Ионак еще ниже поклонился немцу и скромно, как подобает хозяину, ответил:

— Мне выпала большая честь принимать в своем доме посланца фюрера…

При слове «фюрер» Мюллер непроизвольно вытянулся и гаркнул:

— Хайль Гитлер!

Ганс вздрогнул, стукнул каблуками и произнес:

— Хайль!

— Не верю! — неожиданно вырвалось у старика.

— Что? Почему не веришь? — оторопел майор.

— Не верю… не верю, что я сумел угодить вам так, господин майор фон Мюллер, как бы мне хотелось. Сами знаете, времена…

— Скромничаешь, учитель… Однако за преданность благодарю. Если твоя семья, и особенно твоя хорошенькая дочь, питает ко мне такие же чувства, то мы прекрасно уживемся. А теперь оставь нас. Будешь заходить в эту комнату только тогда, когда тебя позовут.

— Слушаюсь, ваше превосходительство, — сказал учитель и, церемонно поклонившись, вышел.

— Разве это комната, сукин ты сын? — обругал майор своего денщика.

— Это самый лучший дом во всем селе, герр майор, который остался целым после налета нашей авиации.

— Ну ладно, что будем есть? Ты нашел цыпленка?

— Цыпленка? У этих проклятых чехов даже тощей наседки не найти. Ведь многие сбежали к партизанам со своей домашней птицей.

Слово «партизан» всегда вызывало гнев Мюллера. И сейчас его глаза налились кровью, рот искривился.

Он сжал в руке хлыст и, подняв его, сильно резанул воздух.

— Партизаны? Я все равно поймаю этого «Татру», их руководителя! — Мюллер вспомнил еще одну неприятную вещь. — А о румынском летчике узнали что-нибудь?

— Наши напали на его след.

— Напали на след! Ну их ко всем чертям! Большевики в двух километрах, а эти болваны из гестапо ищут следы! Он, наверное, уже добрался до своих!

— Конечно, герр майор.

— Пошел вон! Вечно ты отвечаешь невпопад, безмозглая голова!

Мюллер чувствовал сильный голод. Да, здесь не то что во Франции, откуда он вернулся семь месяцев назад.
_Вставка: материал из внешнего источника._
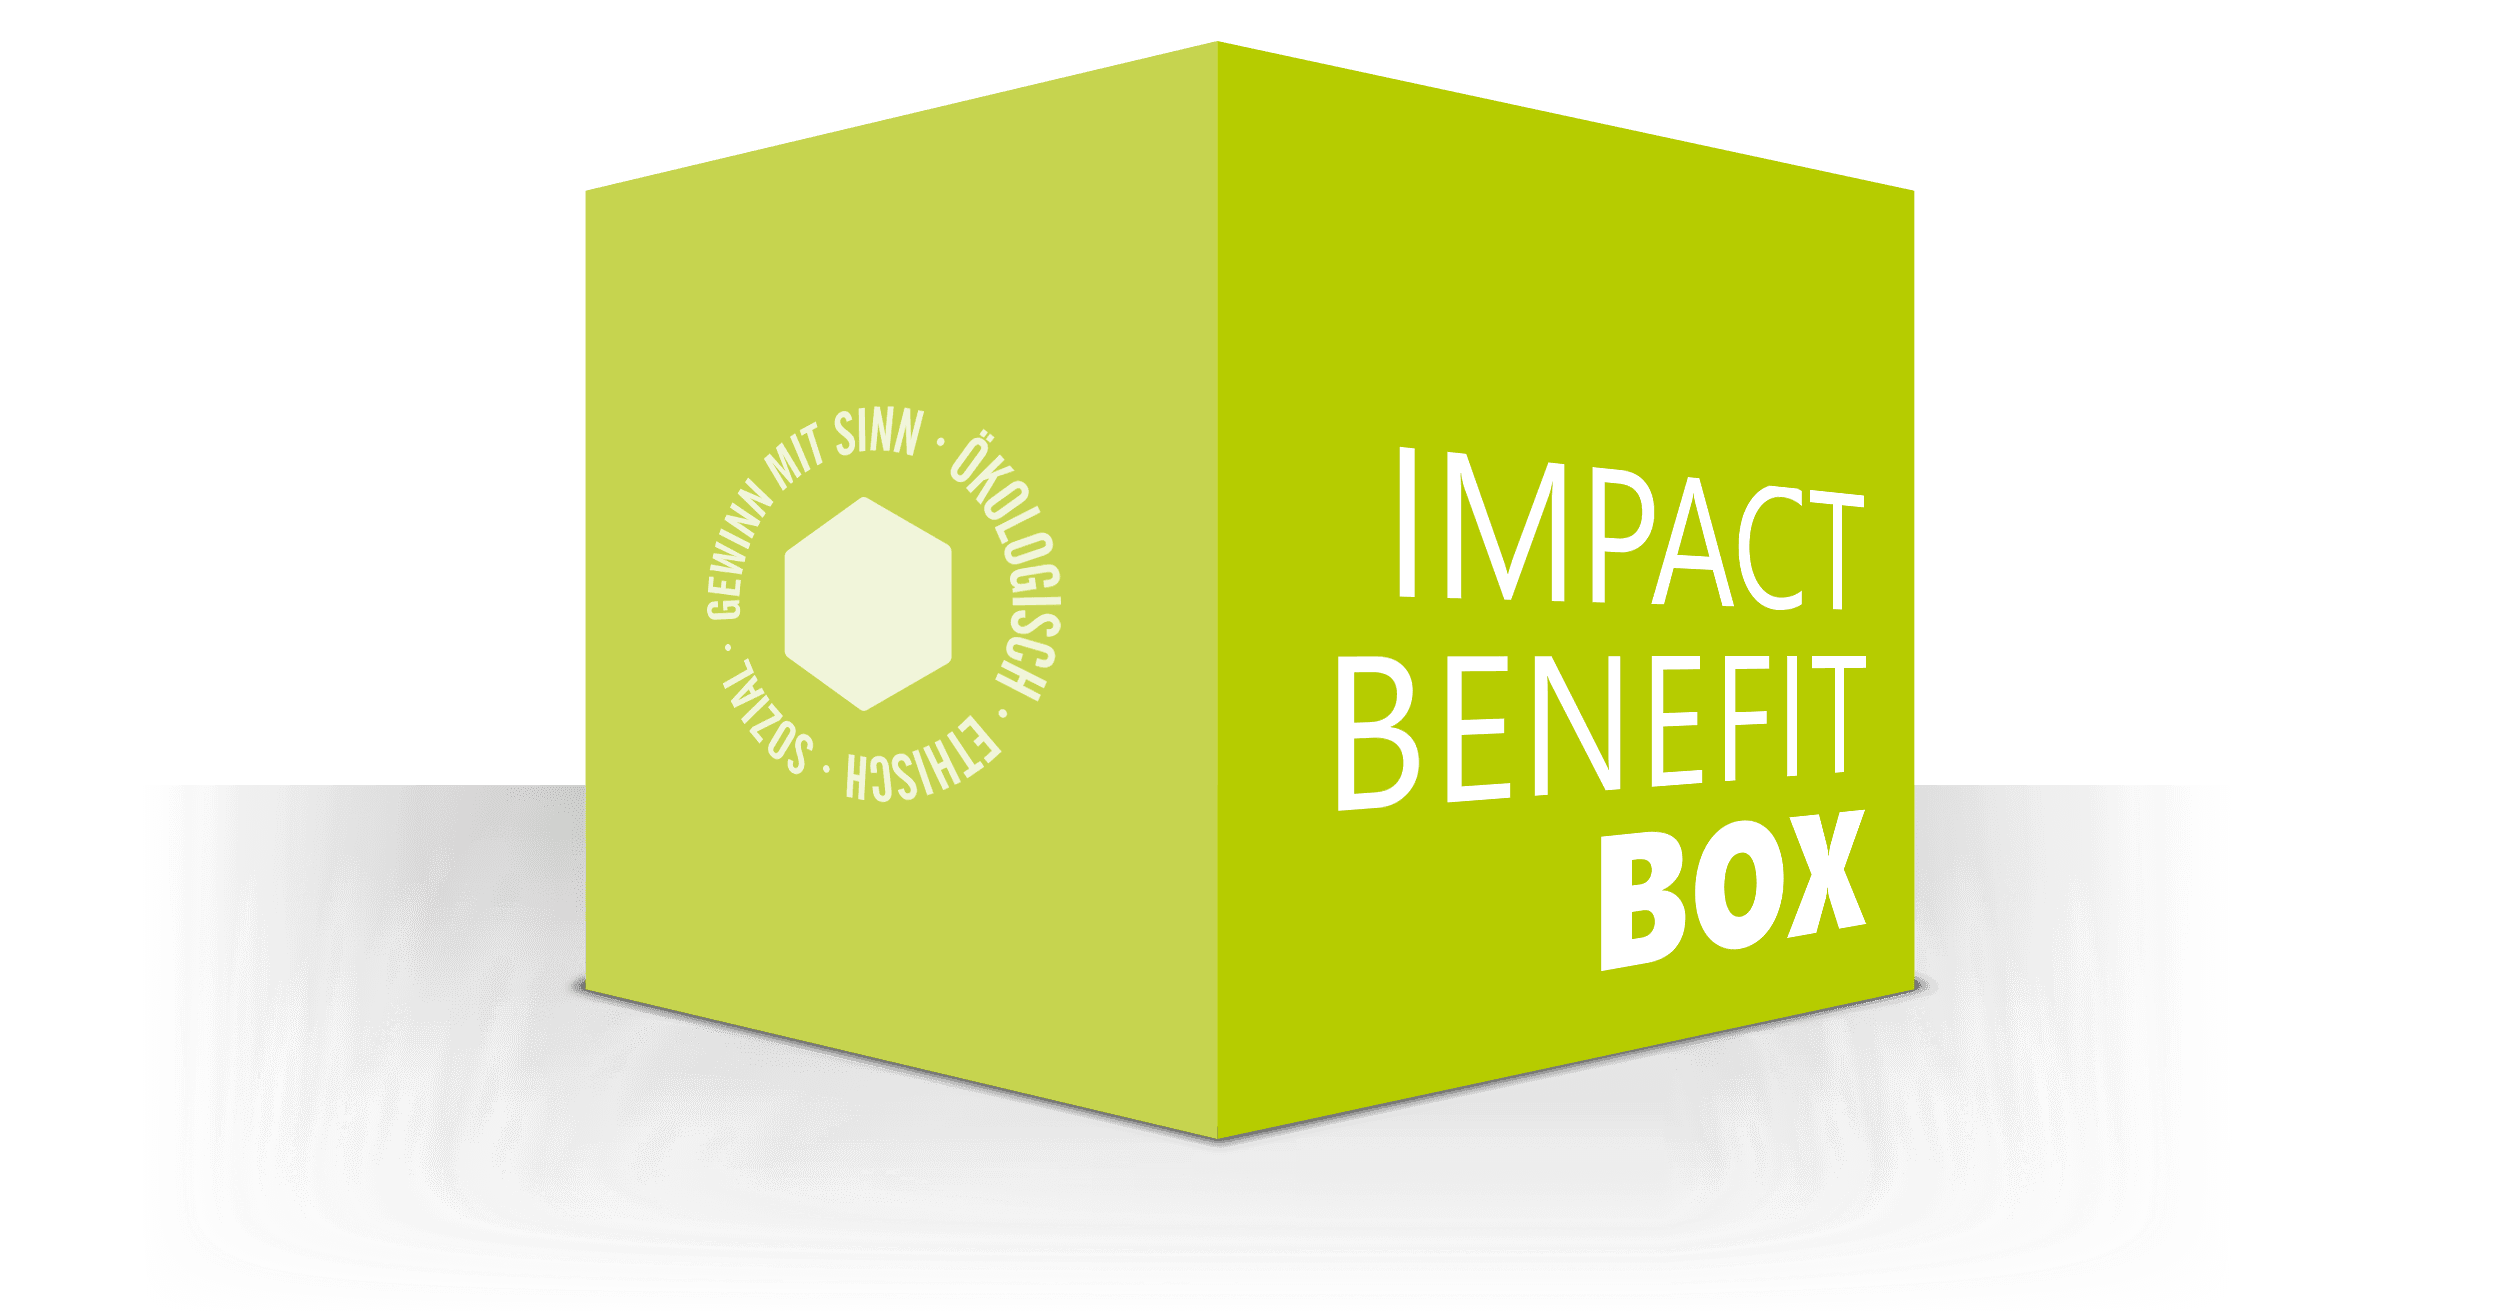 Bild oder Logo des Eintrags Impact Benefit Box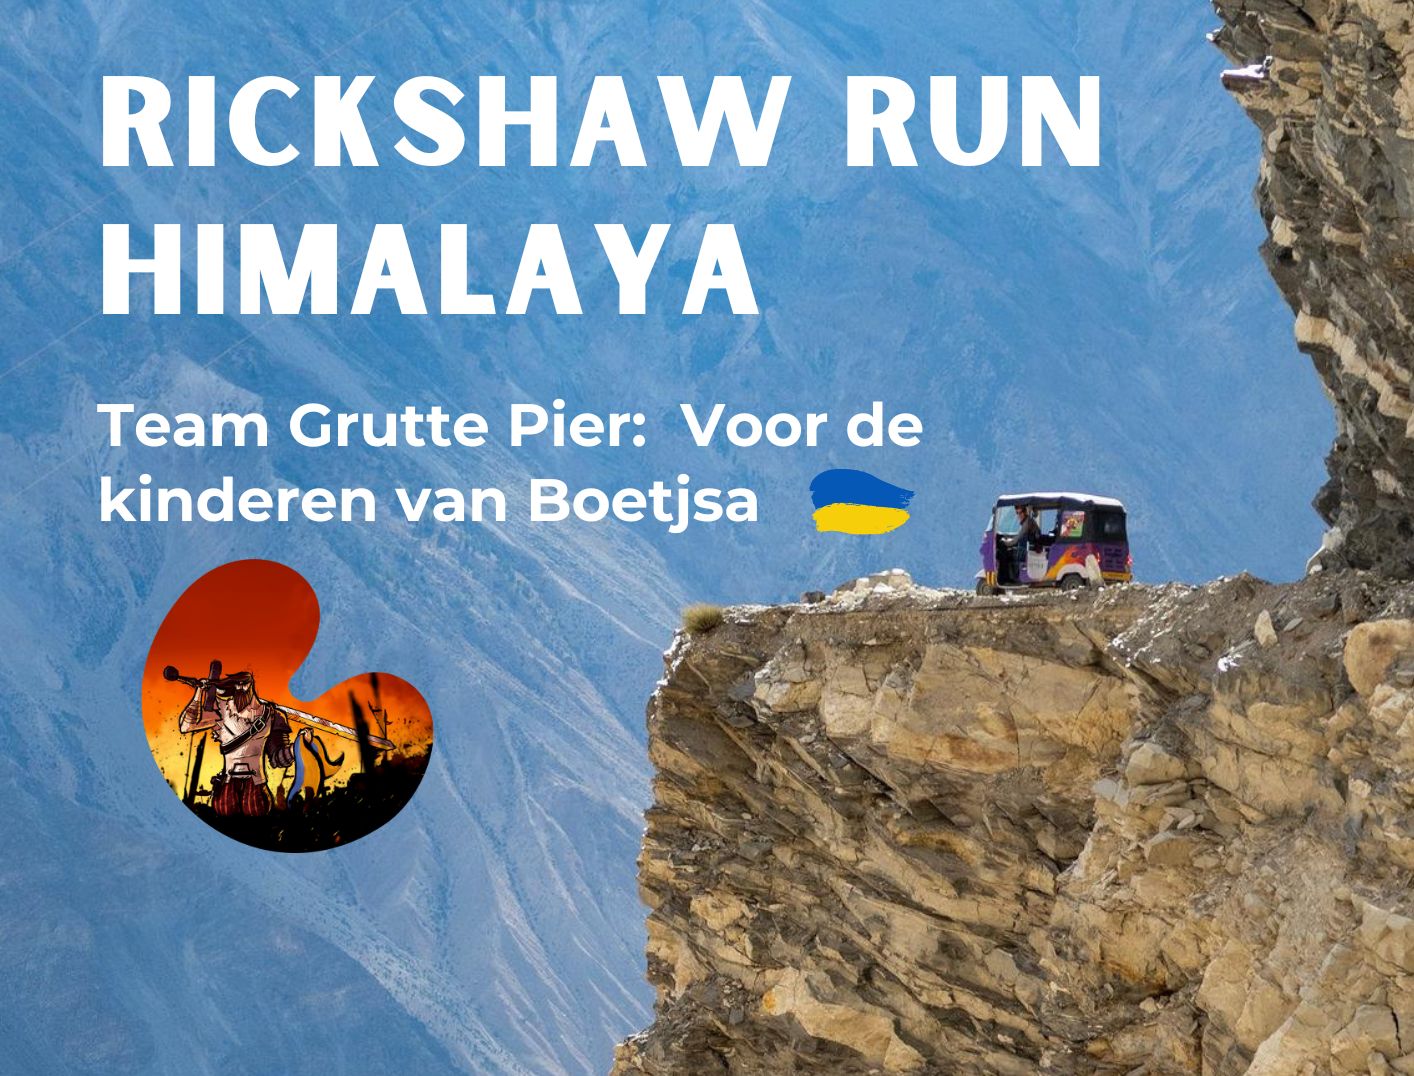 Rickshaw Run Himalaya

Мысль о жареном цыпленке не покидала его.

— Как же так, Ганс? Неужели нельзя достать ни одного цыпленка?

— Ничего нельзя достать, герр майор. У меня есть консервы… Зато у этого Клапки такая дочь… (Ганс знал, что только женщины могут отвлечь мысли Мюллера от гастрономических удовольствий.) Лакомый кусочек, а не девушка.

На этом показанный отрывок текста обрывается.